• _Work item_: Only the pictures are to be left out; write out the rest of the data exactly.

• _The data_:
::::::::
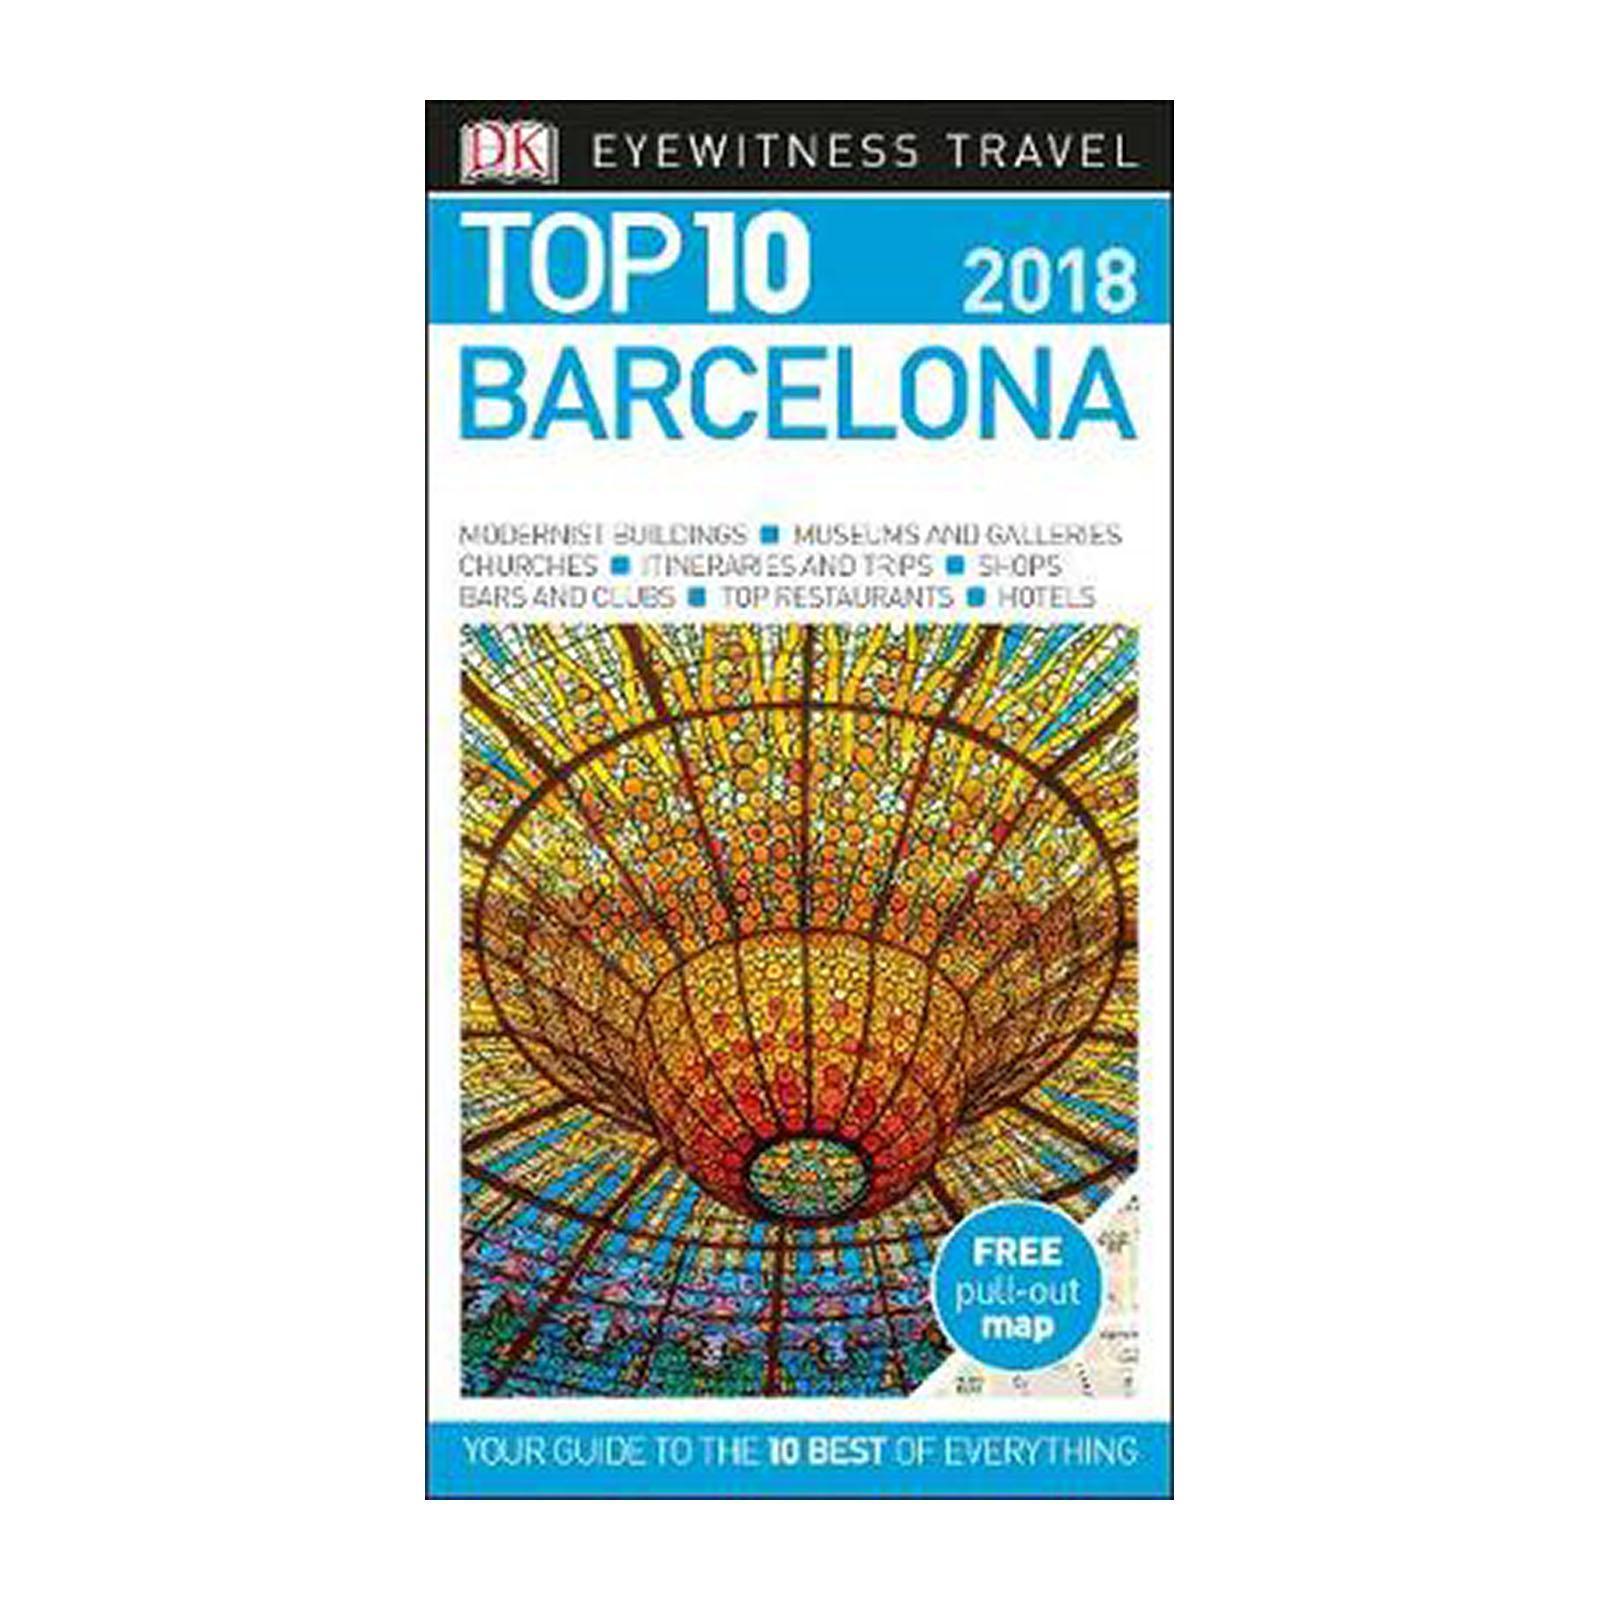 Top 10 Barcelona: 2018 (Paperback)
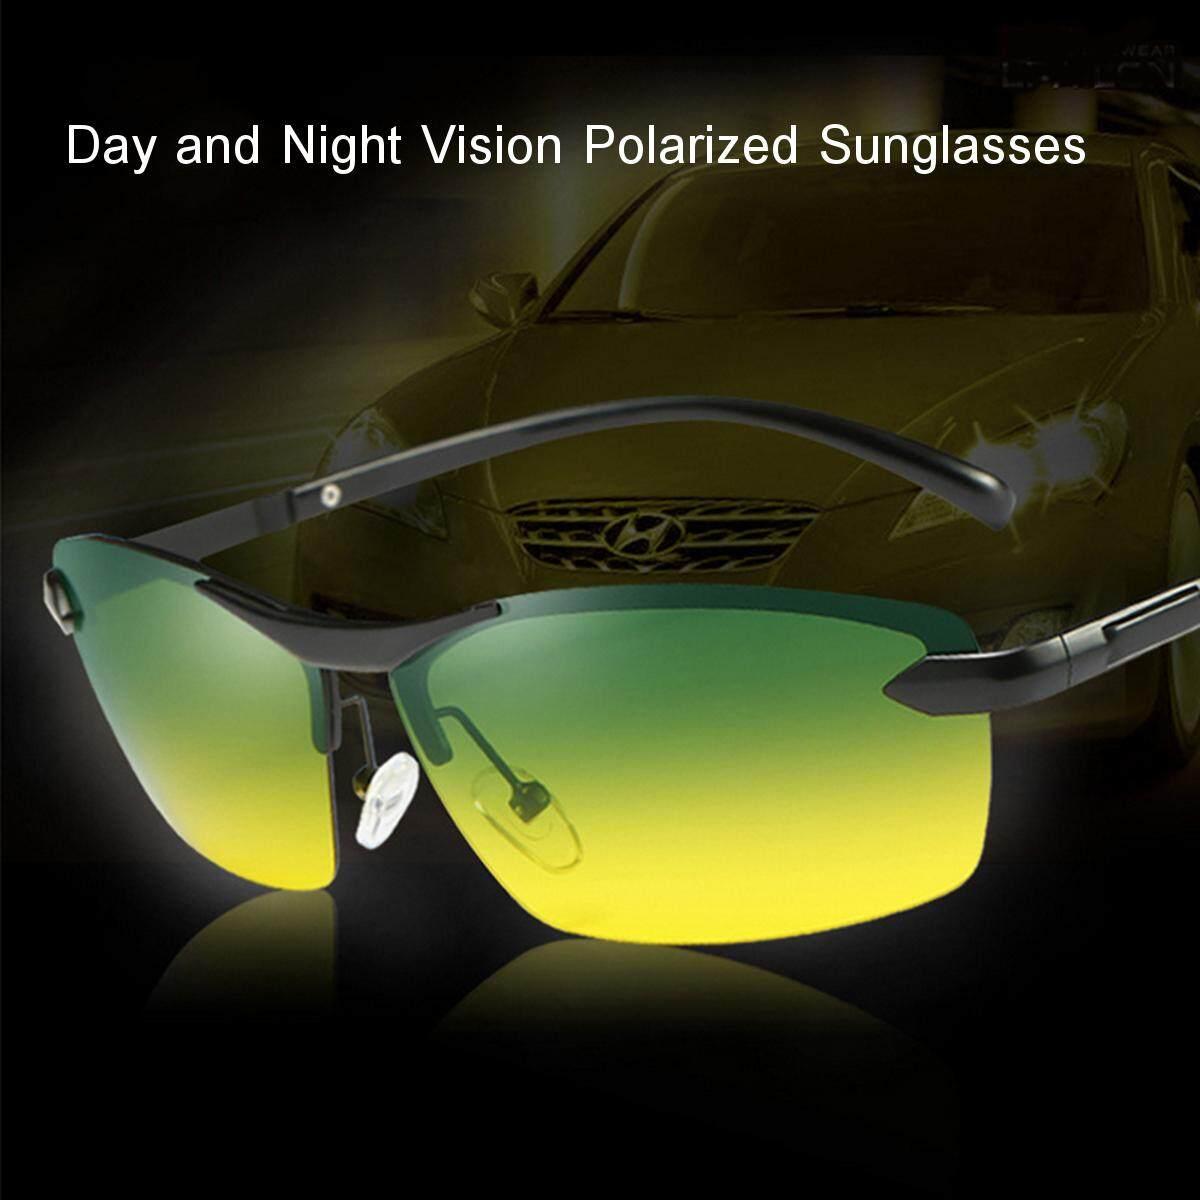 e0c87d22a22 UV Day Night Vision Men s Polarized Sunglasses Driving Pilot Mirror Sun  Glasses
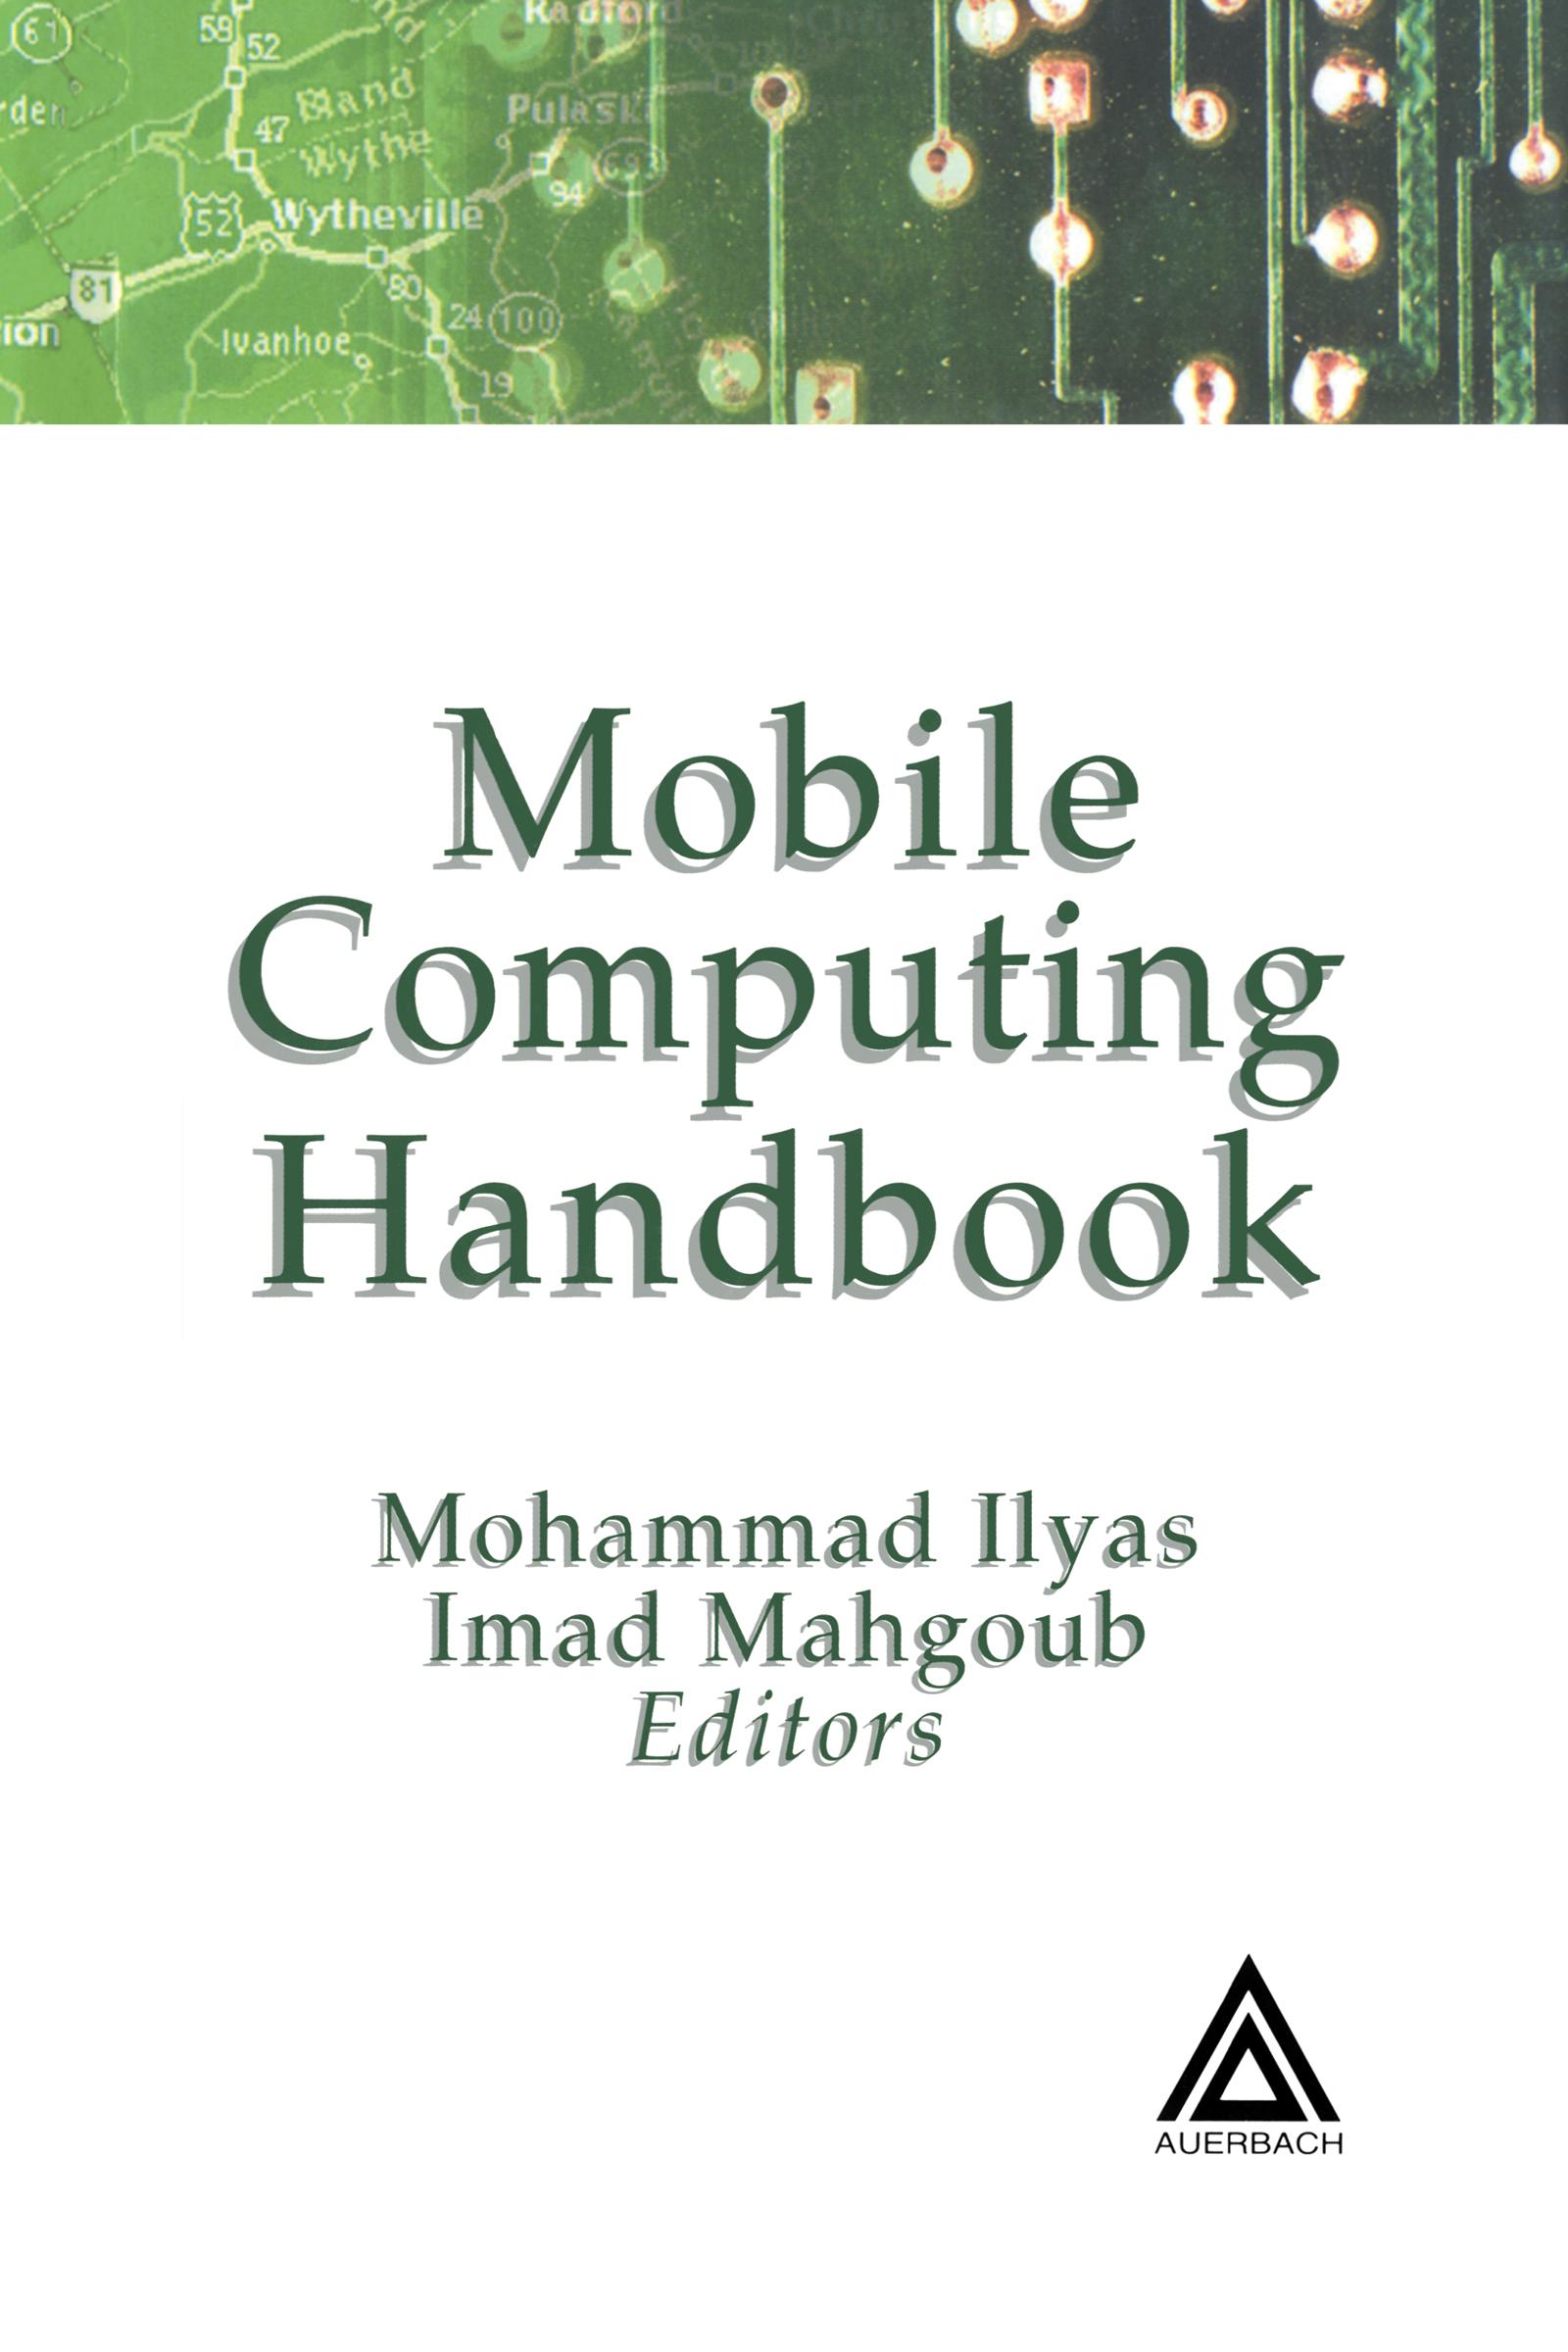 Mobile Computing Handbook: 1st Edition (Hardback) book cover
::::::::
• _Answer section_:
 Top 10 Barcelona: 2018 (Paperback)
 e0c87d22a22 UV Day Night Vision Men s Polarized Sunglasses Driving Pilot Mirror Sun  Glasses
 Mobile Computing Handbook: 1st Edition (Hardback) book cover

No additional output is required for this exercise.